Polres MTB Sita 5 Koli Telur Ikan Terbang

Saumlaki – Penyidik Reskrim Polres Maluku Tenggara Barat (MTB) menyita 5 koli telur ikan terbang kering di pelabuhan laut Saumlaki yang hendak dimuat ke kapal untuk dijual di Makassar, Sulawesi Selatan (Sulsel).

Setelah melakukan pemeriksaan sejumlah saksi, Penyidik menetapkan pemiliknya, Rahmat Hidayat alias Rahmat (41) warga Kelurahan Saumlaki Kecamatan Tanimbar Selatan, dan La Kamaludin alias La Toi (35) warga Kompleks pasar Lama Saumlaki sebagai tersangka.

Kasat Reskrim Polres MTB, Pieter Fredy Matahelemual mengatakan praktik itu diduga berlangsung sejak lama akibat lemahnya pengawasan, sehingga dengan bebas seseorang membawa komoditas perikanan untuk dijual ke luar tanpa ada izin instansi terkait.

Menurut Matahelumual, salah satu syarat yang harus dimiliki adalah surat karantina untuk menentukan telur ikan kering tidak membawa virus baik dari dan keluar Saumlaki.
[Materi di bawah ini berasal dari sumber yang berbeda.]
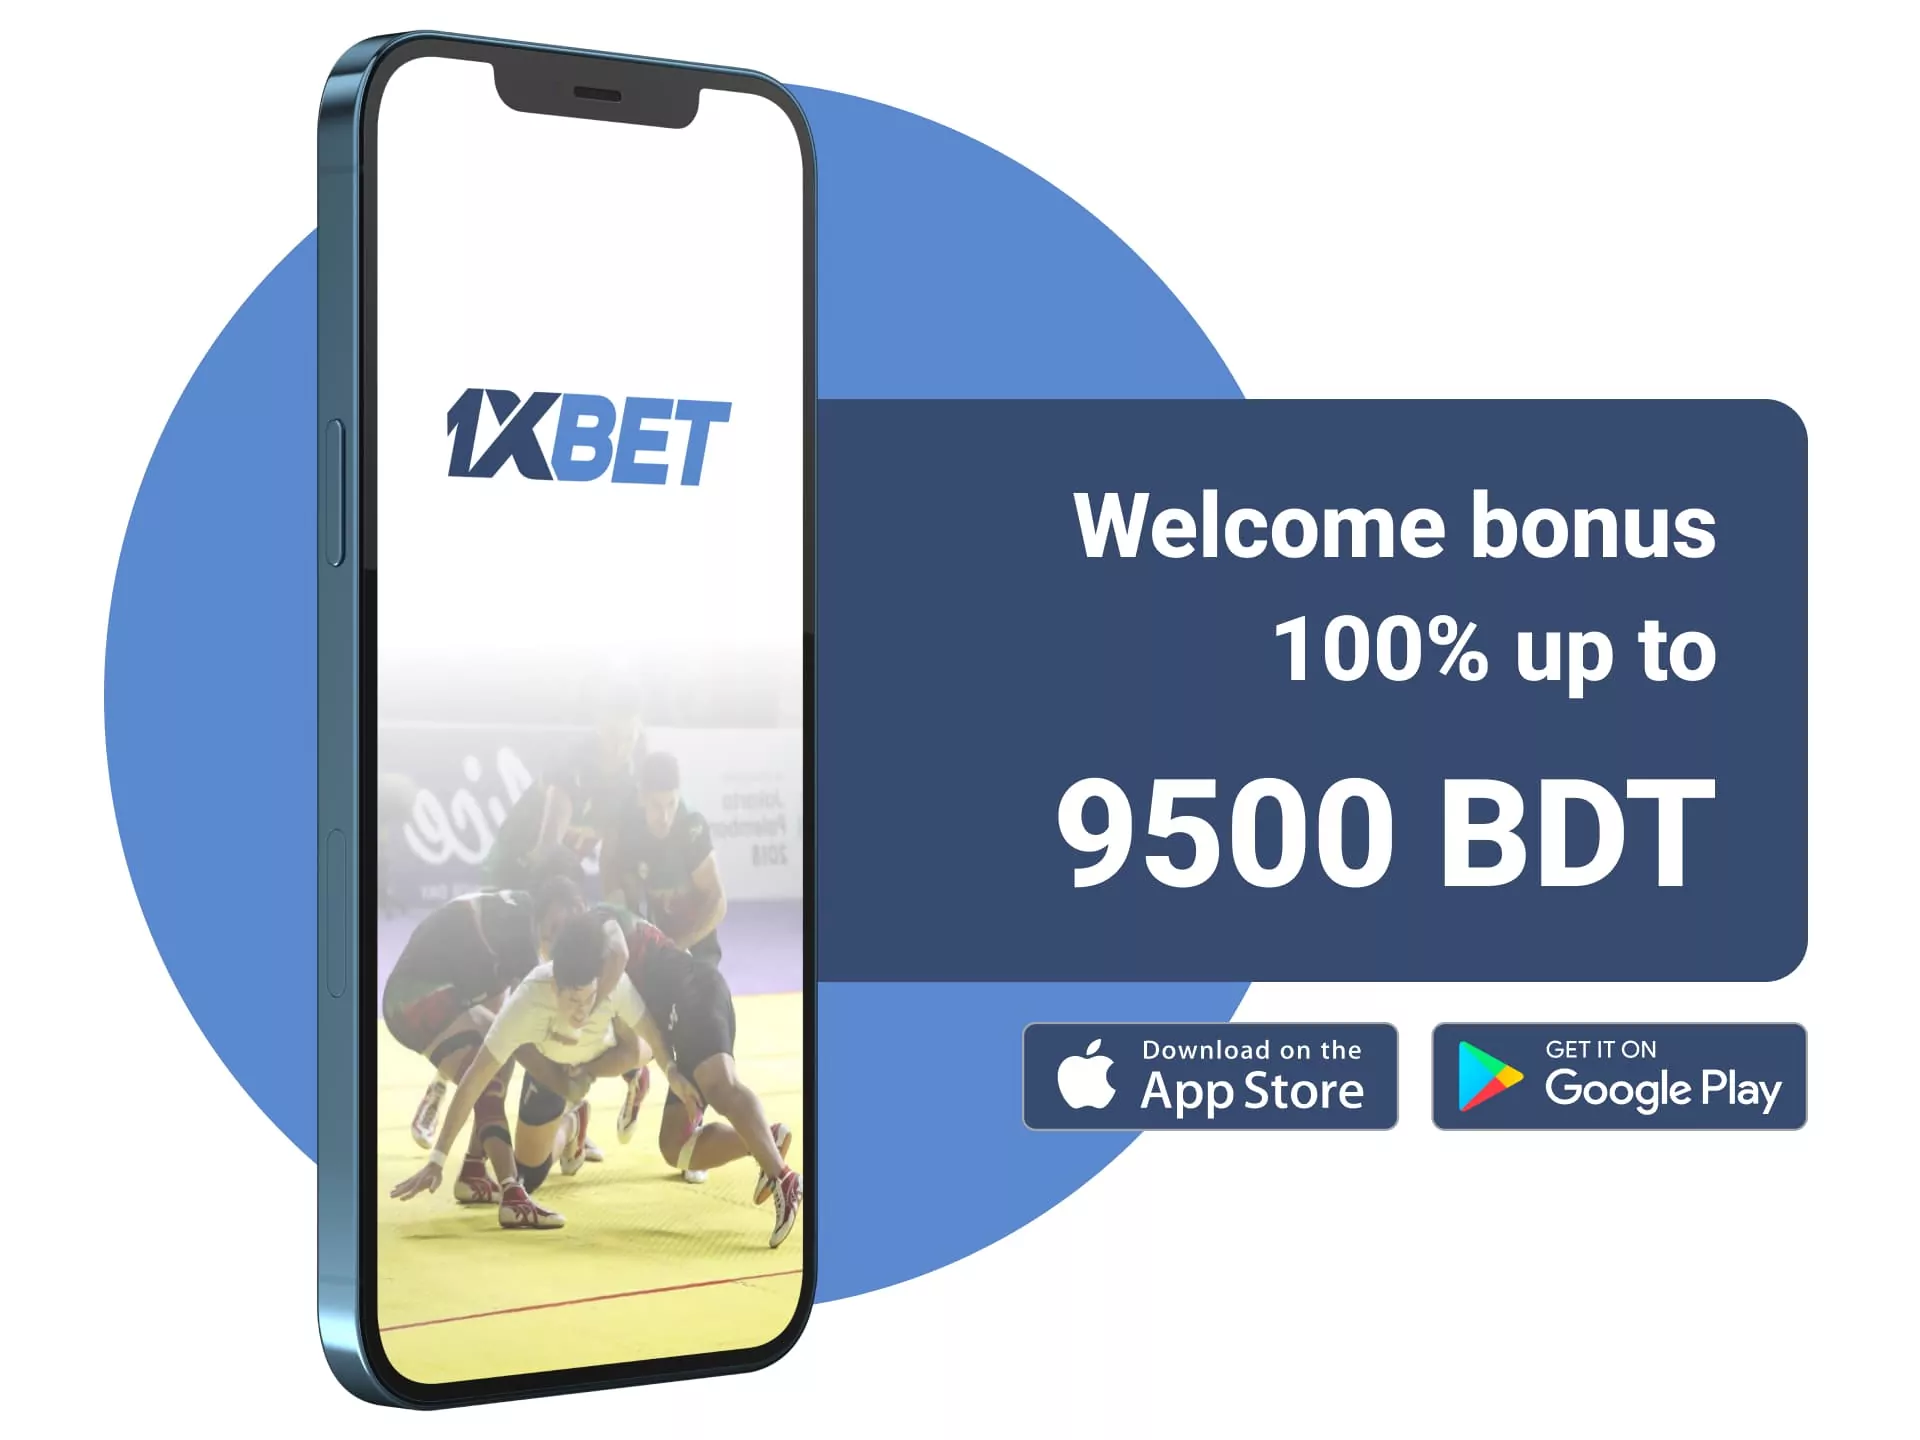 1xbet kabaddi betting site with bet builder and welcome bonus: 9500 BDT,

Dalam uji petik di lapangan dari ratusan koli ada 39 koli yang tidak memiliki  surat keterangan asal ikan yang di terbitkan DKP dan ada 5 koli yang tidak memiliki sertifikasi kesehatan atau karantina.

Terhadap telur-telur ikan yang tidak memiliki SK dikenakan pembayaran retribusi, sementara yang tidak memiliki surat karantina diproses sesuai UU no 31 tahun 2004 tentang perikanan pasal 90.

Dari penyitaan yang dilakukan pada Sabtu lalu, diketahui setiap karung dari lima koli kapasitasnya variatif, ada yang berisi lebih dari ratusan kilogram dan ada yang berkisar hingga puluhan kilogram.

Kasat mengakui pihaknya masih menunggu ketarangan ahli dari Dinas Kelautan Perikanan (DKP) Provinsi Maluku, karena dalam UU Perikanan nomor 31 tahun 2004 pasal 90 menyebutkan bahwa: Setiap orang yang dengan sengaja melakukan pemasukan atau pengeluaran ikan dan/atau hasil perikanan dari dan/atau ke wilayah Republik Indonesia yang tidak dilengkapi sertifikat kesehatan untuk konsumsi manusia sebagaimana dimaksud dalam Pasal 21, dipidana dengan pidana penjara paling lama 1 (satu) tahun dan denda paling banyak delapan ratus juta rupiah.

Matahelumual menjelaskan, para pelaku tidak ditahan tahan tetapi proses penyidikan sedang berjalan. Barang bukti (BB) sudah diamankan dan para pelaku dikenakan ancaman hukuman sebagaimana diatur dalam UU nomor 31 tahun 2004 tentang perikanan pasal 90.

Sementara itu, menyikapi maraknya penjualan telur ikan terbang ke luar Saumlaki, Bupati Maluku Tenggara Barat (MTB) Petrus Fatlolon mengakui masih adanya kelemahan Pemkab dalam mendeteksi setiap aksi tak terpuji dari sejumlah pihak.

Menurutnya fasilitas dalam rangka mendeteksi barang bawaan penumpang baik dengan pesawat udara maupun dengan kapal laut ini masih  sangat terbatas.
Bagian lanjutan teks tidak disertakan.